Press "Enter" to skip to content

Bruin Alumni Association caught coaxing students to expose professors who push liberal agendas in classrooms

The UCLA Bruin Alumni Association started a Web site to single out liberal and extreme "indoctrinist" faculty using information bought from students.

UCLA students were offered up to $100 by the conservative alumni association to turn in detailed class notes or lecture recordings of professors who contribute to the "exploding crisis of political radicalism on campus" according to the Bruin Alumni Association Web site.

Andrew Jones is a member of the association and the alumnus who launched the controversial website UCLAProfs.com, which names the "Dirty 30"-an inventory of the progessive professors in question.

Jones, in an open message on the Web site, says that the "extensively researched" profiles of the Dirty 30 are proof of an increasingly radical faculty.
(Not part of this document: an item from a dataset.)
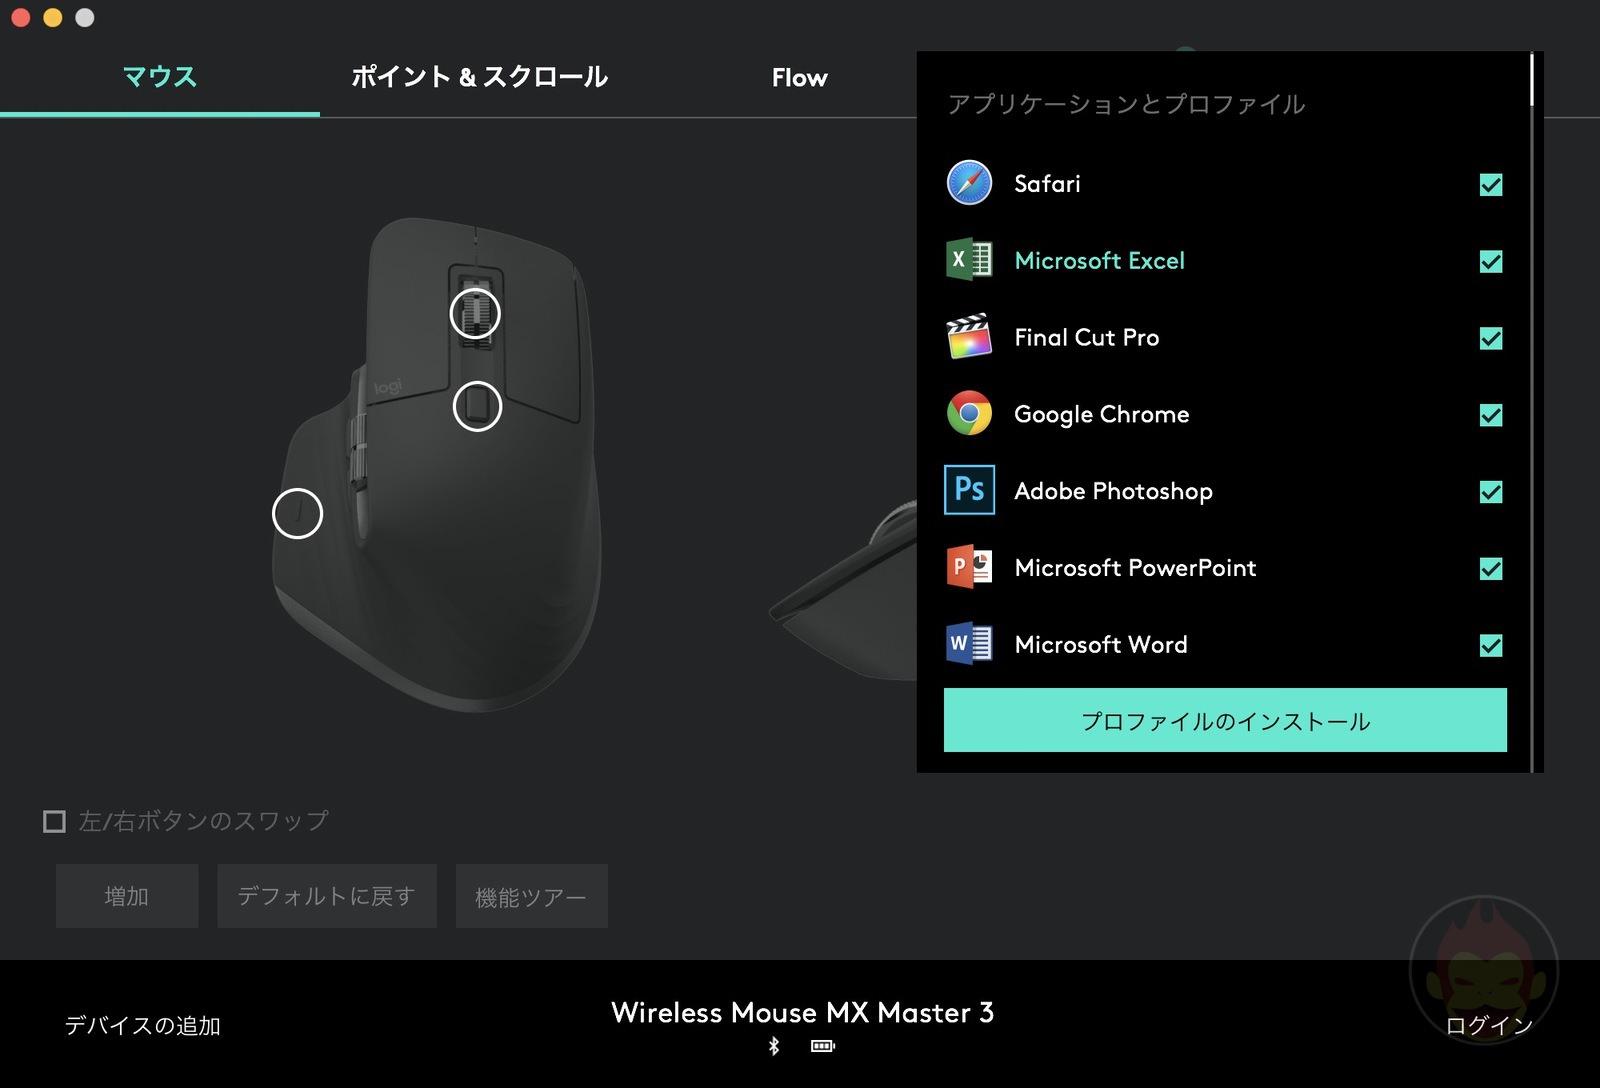 Logi-Options-MX-Master-3-03.jpg

Mills alumna Nicole Adelle Rich, a southern California native, notes that students are old enough to be objective and aren't compelled to take a teacher's comments at face value. "What's more, though, is that they'll definitely have problems with students who don't particularly like a teacher, and then report them for things they never did or said just to get money."
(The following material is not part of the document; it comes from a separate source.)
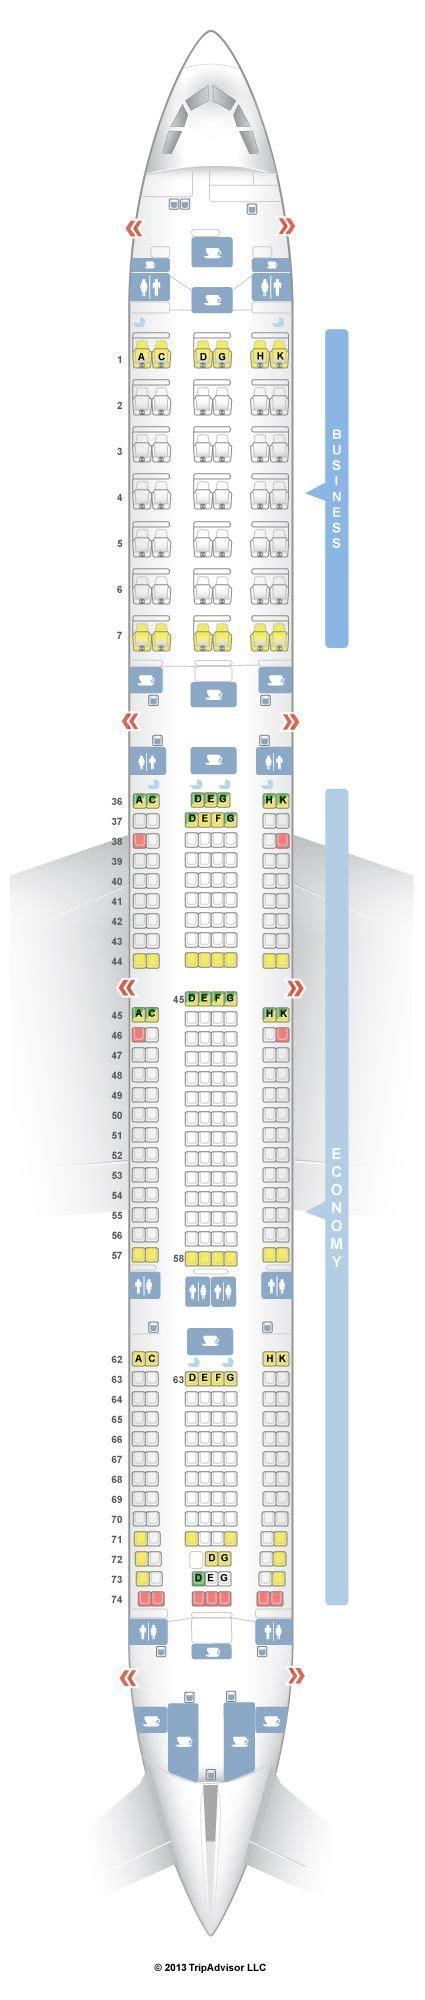 SeatGuru Seat Map South African Airways Airbus A340 600 (346)

"It does smack of MacCarthyism and the Red Scare," says freshwoman Lauren Gochez-Wilson. "I think that if those UCLA alumni are truly worried about political bias infiltrating the classroom, they should try to remove all bias, not just the ones that they don't agree with."

The official UCLA Alumni Association resents the flurry of publicity surrounding Jones and the Bruin Alumni Association-particularly because they have received numerous calls and e-mails from confused alumni concerned their alma mater has gone partisan, according to the UCLA Daily Bruin.

Since the story gained national coverage, Jones has allegedly retracted his monetary offer, though a section of UCLAProfs.com still encourages "generous tax-deductible donation[s]," saying "We are paying for top-quality class notes … and other materials because volunteer labor and internet anecdotes do not provide solid proof of abusive professor behavior."